-- TASK DESCRIPTION --
With the images removed, transcribe the listing that follows exactly.

-- DATA SECTION --
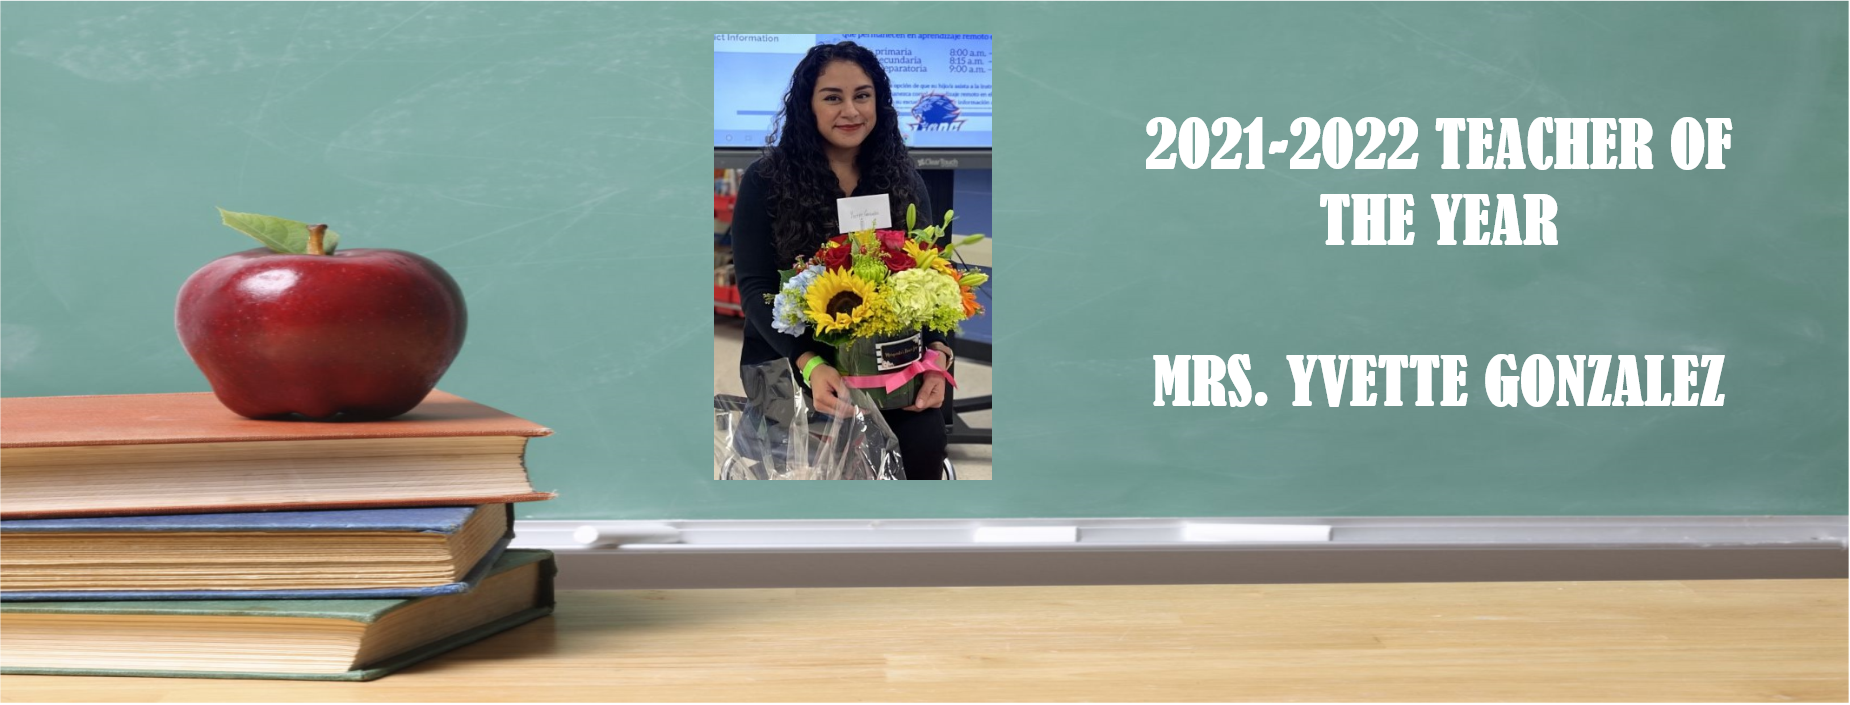 2021-2022 TEACHER OF THE YEAR
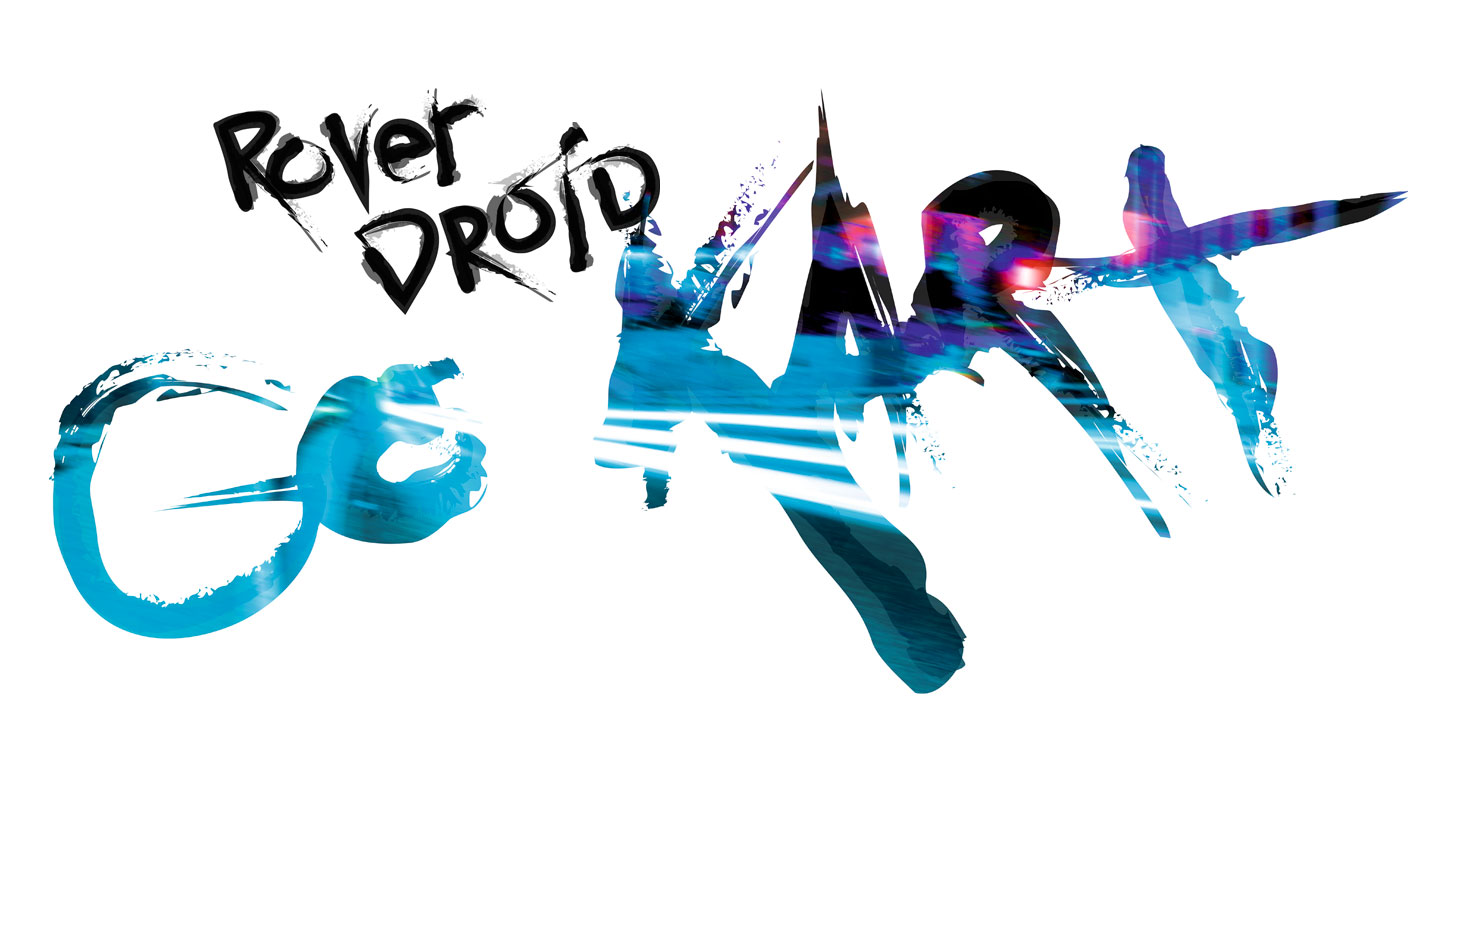 rover-droid-gokart
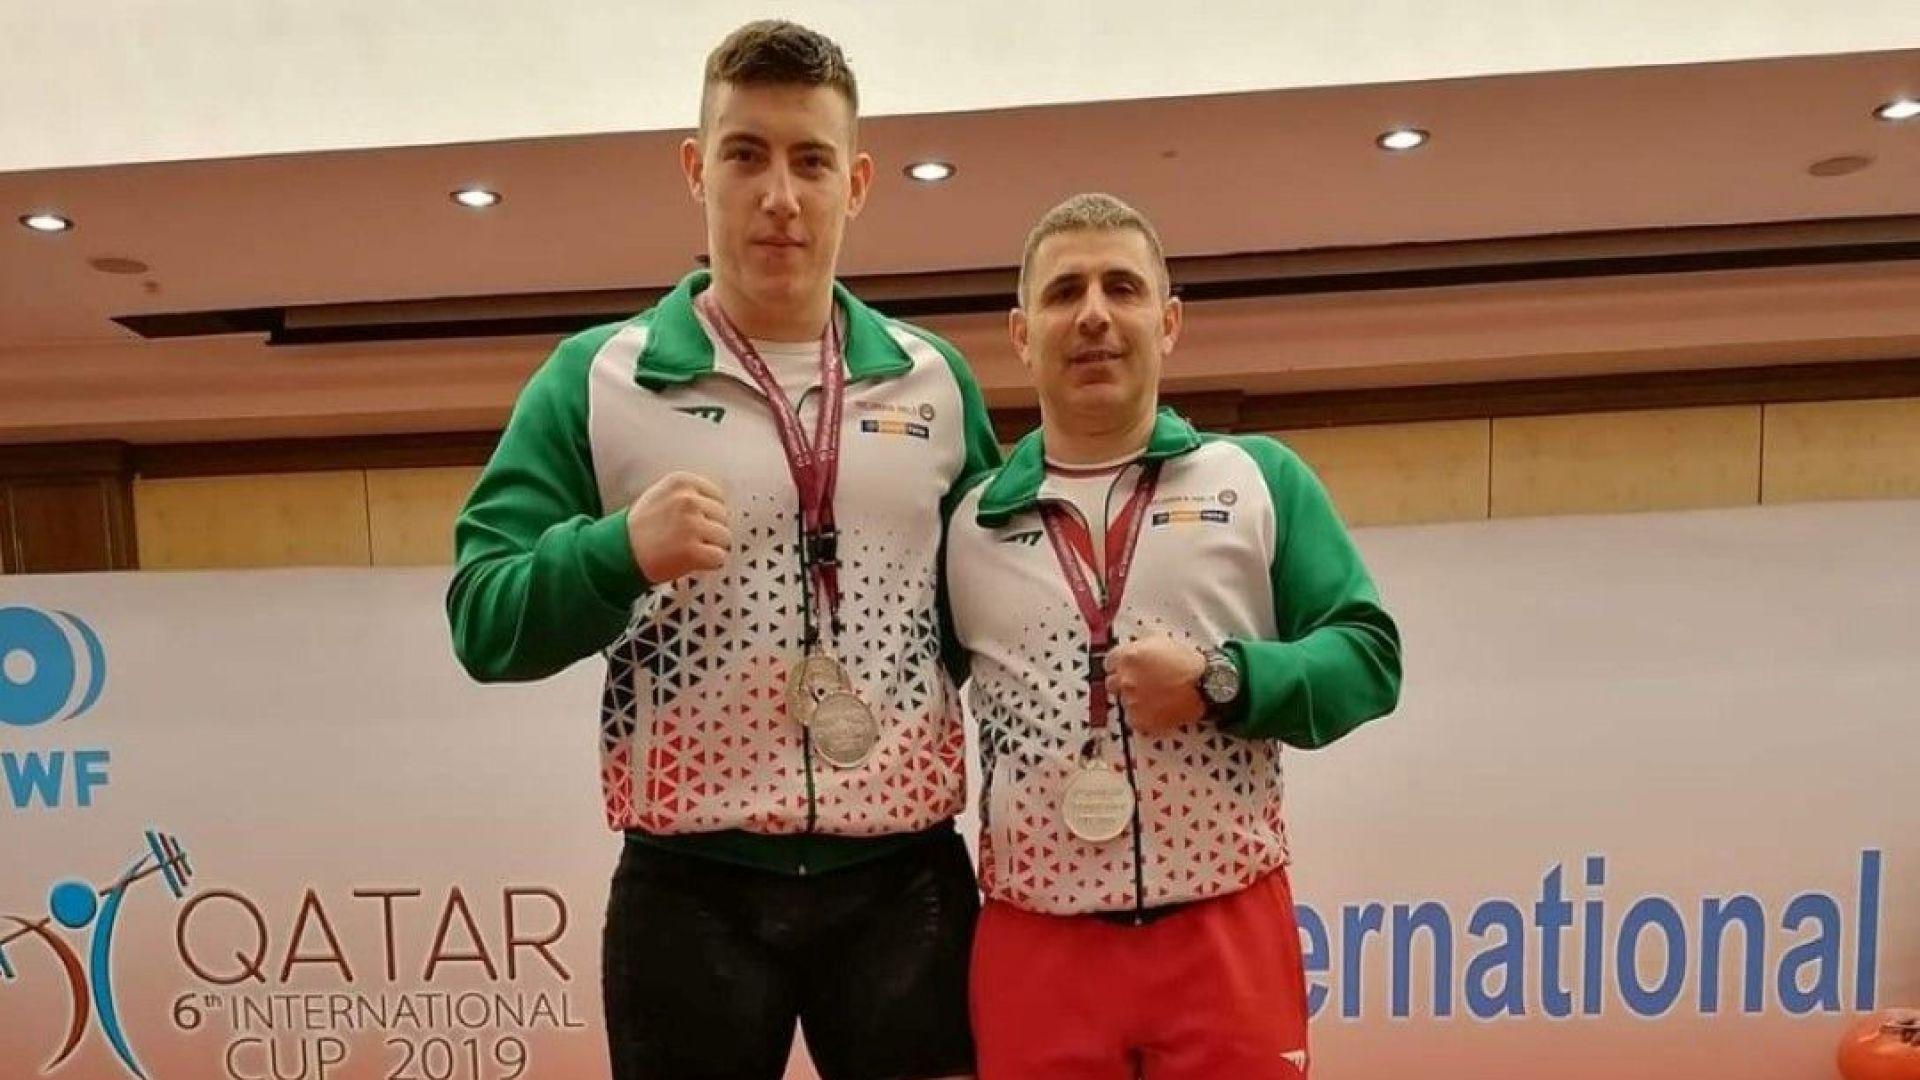 Христо Христов грабна три медала от Доха

-- ANSWER BOX --
 2021-2022 TEACHER OF THE YEAR
 rover-droid-gokart
 Христо Христов грабна три медала от Доха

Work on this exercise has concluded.